March 1, 1999 by Canadian Underwriter
The snowstorm which almost buried Toronto for the first two weeks of the new year is expected to cost insurers roughly $50 million, the Insurance Bureau of Canada (IBC) estimates.
Around 115cm of snow fell on Toronto with heavy accumulations in other areas of southwestern Ontario in what was the first major storm of 1999. The City of Toronto was forced to call in emergency assistance from the military and employ outside snow clearing contractors in a losing battle to keep the city open. Early returns from insurers suggest that the snowstorm will produce a $50 million insured loss, with about 15,000 claims already reported. The bulk of the claims relate to roof damage, says Stan Griffin, vice president Ontario region of the IBC.

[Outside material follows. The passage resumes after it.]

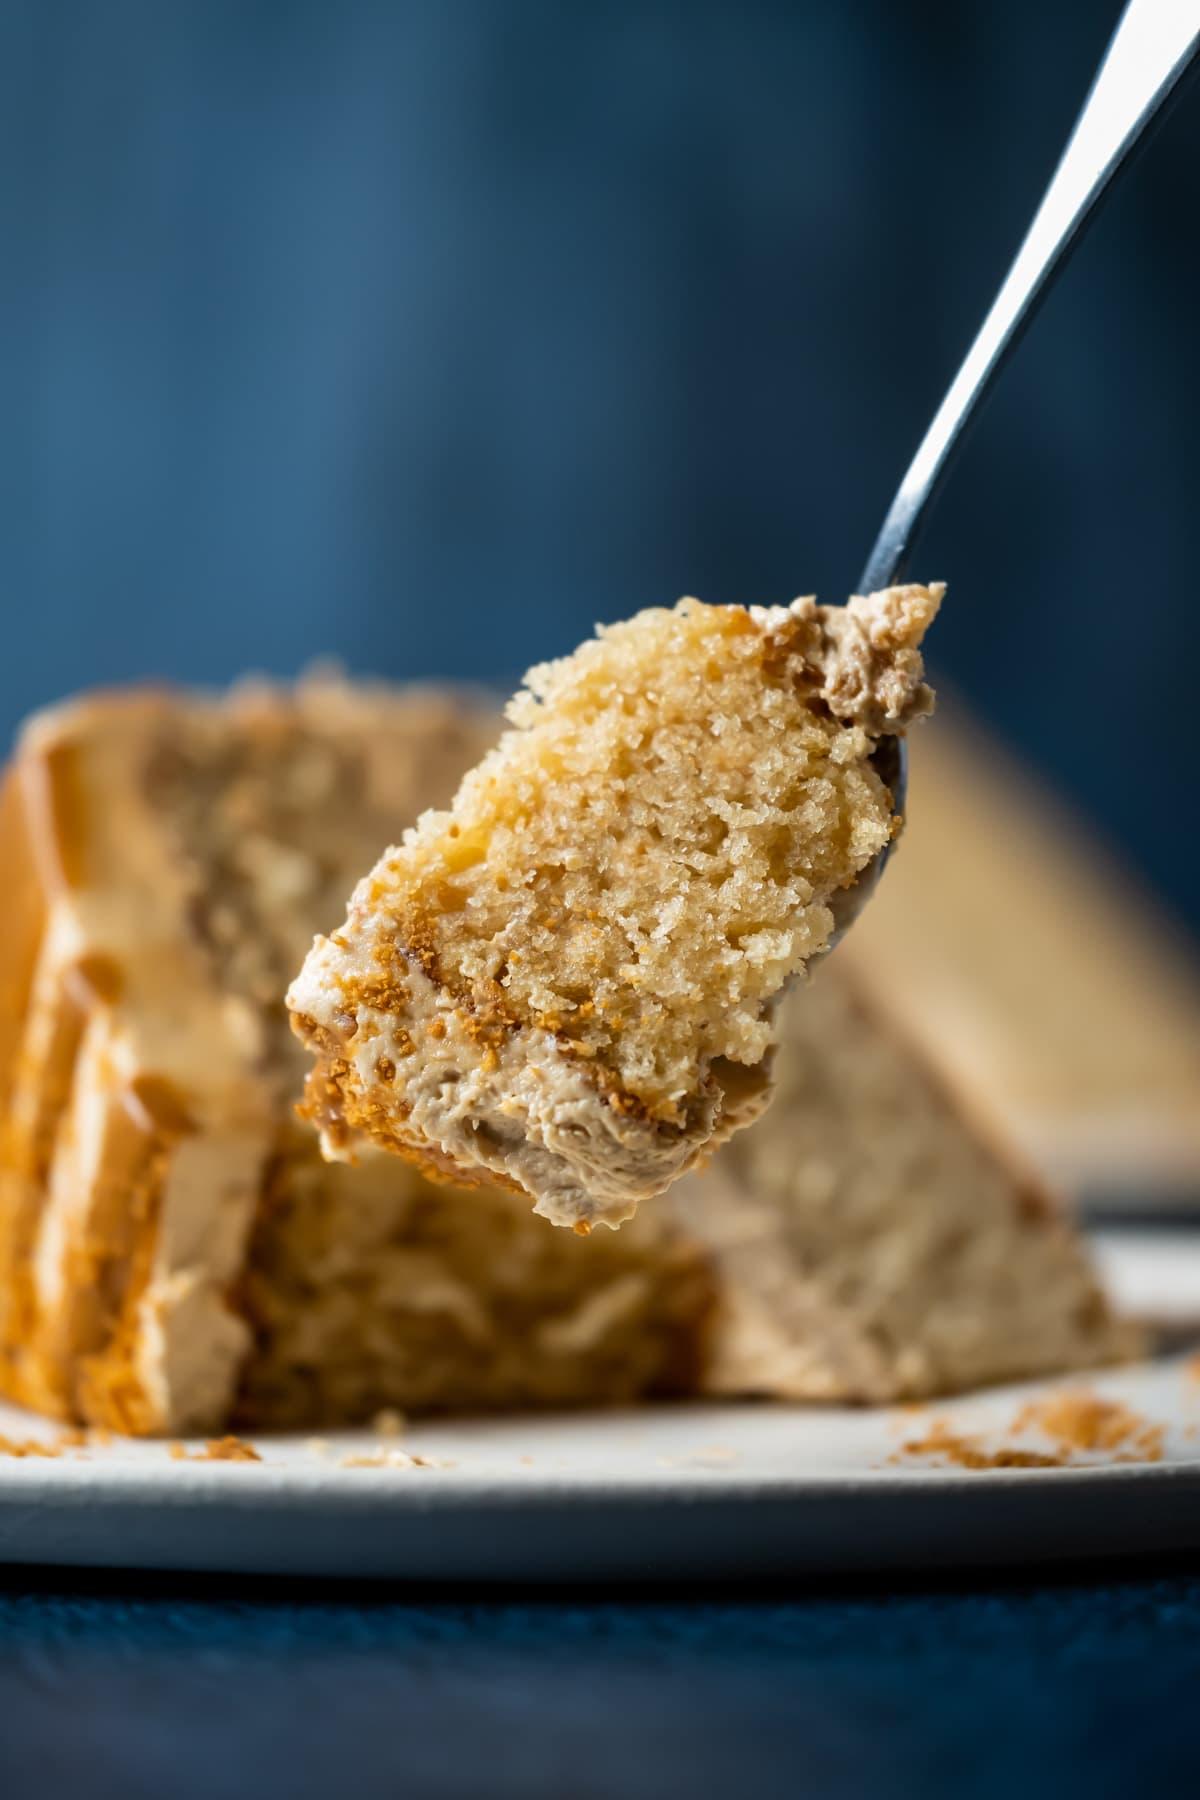 Forkful of biscoff cake.

Griffin says this is the first occasion where losses arising from a snowstorm have been monitored by the IBC. The storm was tracked as a result of the IBC’s “Claims Emergency Response Plan” initiative which was created to enhance the effective response of the industry in clearing claims related to large weather loss events, such as the ice storm of 1998. “In this instance [the snow storm], we didn’t see any need to put in place a claims emergency response plan. However, due to the urban concentration in the areas affected by the storm, it was significant enough to trigger reporting from companies.”
Griffin points out that the final insured loss from the snowstorm could be higher than the preliminary estimate as not many companies have submitted figures yet. “A large segment of the market hasn’t reported yet. We will have final figures shortly.”
U.S. hurricane tally
The Insurance Services Office (ISO) released its fourth quarter catastrophe loss figures showing 1998 to be the third worst year for U.S insurers out of the last ten years.
The total insured loss for 1998 amounted to US$10.07 billion with the last quarter accounting for $480 million (nearly double the value of insured losses recorded in the same period for 1997).
The ISO points out that total insured losses for 1998 were nearly four times higher than the $2.6 billion in insured losses reported by the industry for 1997. Hurricane Georges, which struck in the third quarter of 1998, racked up insured losses of more than $2.9 billion.
And, the hurricane and tropical storm weather outlook for 1999 does not look promising for U.S. insurers, according to a new tracking and event prediction study compiled by researchers at University College London in the U.K. The storm forecast model was sponsored by the U.K. Meteorological Office and a consortium of insurers and brokers who have formed a weather research program under the banner of “TSUNAMI” — the Japanese word for “tidal wave”. The TSUNAMI forecast suggests that four tropical cyclones will strike the U.S. mainland in 1999, which compares with an average incidence of three storms over the past 20 years. The forecast indicates a 70% chance of a higher than average incidence hitting the U.S. East Coast and a 35% higher chance on the Gulf Coast.